Filipino film director (1947–2025)

Miguel "Mike" Pamintuan de Leon (May 24, 1947 – August 28, 2025) was a Filipino film director. He is regarded as one of the most significant filmmakers in the history of Philippine cinema. His films, which include Itim (1976), Kung Mangarap Ka't Magising (1977), Kakabakaba Ka Ba? (1980), Kisapmata (1981), Batch '81 (1981), Sister Stella L. (1984), Bayaning 3rd World (2000), and Citizen Jake (2018), tackle Philippine social and political themes. De Leon also shot and produced Lino Brocka's film Manila in the Claws of Light (1975), considered to be one of the greatest Filipino films.

==Early life and education==
De Leon was born on March 24, 1947, in Manila, Philippines, to producer Manuel de Leon and Imelda Pamintuan. Through his father, he is the grandson of LVN Pictures founder Narcisa "Sisang" de Leon. His sister, Narcisa ("Ching"), served as appointments secretary for President Corazon Aquino.

He received his bachelor's degree from the Ateneo de Manila University before studying art history at the University of Heidelberg in Germany.

==Film career==
===Early career===
De Leon directed two short films, Sa Bisperas (1972) and Monologo (1975). In 1975, he established Cinema Artists Philippines, a production company. Its initial film production was Lino Brocka's Manila in the Claws of Light, where De Leon also served as cinematographer. He also produced Cirio H. Santiago's Happy Days Are Here Again (1974), a compilation of performances from musical comedies produced by LVN, Sampaguita Pictures, and Premiere Productions.

De Leon made his feature directorial debut with Itim, released in 1976. It starred Charo Santos in her first film role. Itim was a commercial failure but received positive reviews from critics.

His next film, the romance drama Kung Mangarap Ka't Magising, was released in 1977. It starred Christopher de Leon and Hilda Koronel.
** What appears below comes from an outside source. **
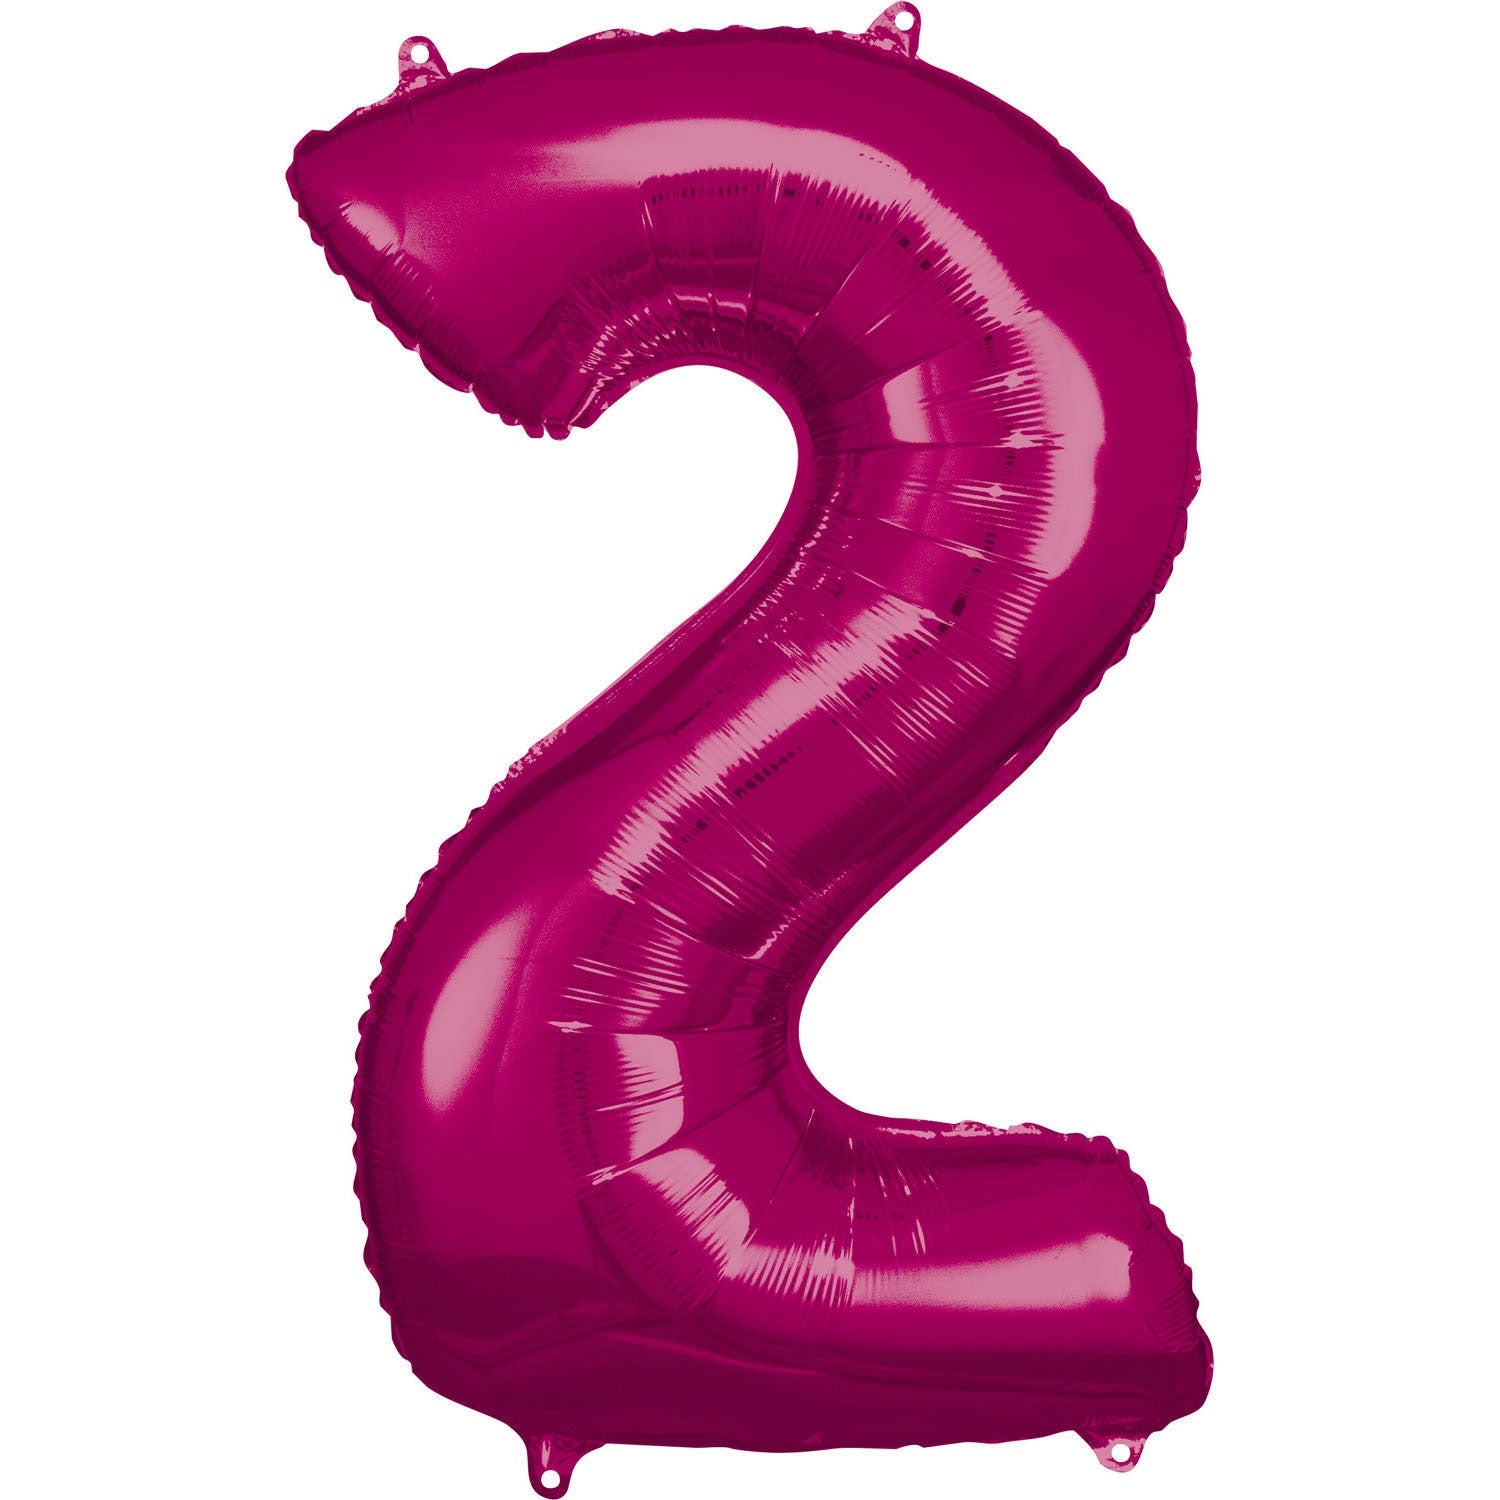 Pink Supershape Number 2 Foil Balloon 88cm (34in) height by 50cm (19in) width Balloon is sold uninflated. Can be inflated with air or helium.

The film was dedicated to De Leon's grandmother, whose centennial birthday was celebrated that year.

===1980s===
De Leon was the cinematographer for Eddie Romero’s epic Aguila, released in 1980 and starring Fernando Poe Jr.

After a three-year break from directing, De Leon returned with the musical comedy Kakabakaba Ka Ba?, also released in 1980. Reuniting with Christopher de Leon and Charo Santos and also starring Jay Ilagan and Sandy Andolong, the film satirized Chinese and Japanese neocolonialism as well as organized religion. De Leon won the Gawad Urian Best Director award for the film.
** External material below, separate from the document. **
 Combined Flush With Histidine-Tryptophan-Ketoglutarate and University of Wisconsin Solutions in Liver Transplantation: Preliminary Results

In 1981, De Leon directed the psychological horror film Kisapmata, co-writing the script with Clodualdo del Mundo and Raquel Villavicencio based on the news article "The House on Zapote Street" by Nick Joaquin. It stars Vic Silayan as a patriarch dominating the marriage of his daughter and her husband, played by Charo Santos and Jay Ilagan. At the 1982 Metro Manila Film Festival, the film won 10 awards, including Best Picture as well as Best Director and Best Screenplay for De Leon. His next film, Batch 81, was released the following year. Starring Mark Gil in his breakout role, the film criticized President Ferdinand Marcos's martial law rule by depicting the titular fraternity's brutal initiation rituals.

Batch '81 and Kisapmata were later screened at the 1982 Cannes Film Festival Directors' Fortnight. While at the festival, De Leon was interviewed by German filmmaker Wim Wenders for his 1985 documentary Room 666.

De Leon next directed the political film Sister Stella L. (1984) from a screenplay co-written with activist Pete Lacaba. Starring Vilma Santos as the titular character, it was the first politically themed film from Regal Films after De Leon asked its founder Lily Monteverde to produce the film due to limited financial resources. Sister Stella L. later won 10 Gawad Urian awards, including Best Picture and Best Director, and also competed for the Golden Lion at the 41st Venice International Film Festival.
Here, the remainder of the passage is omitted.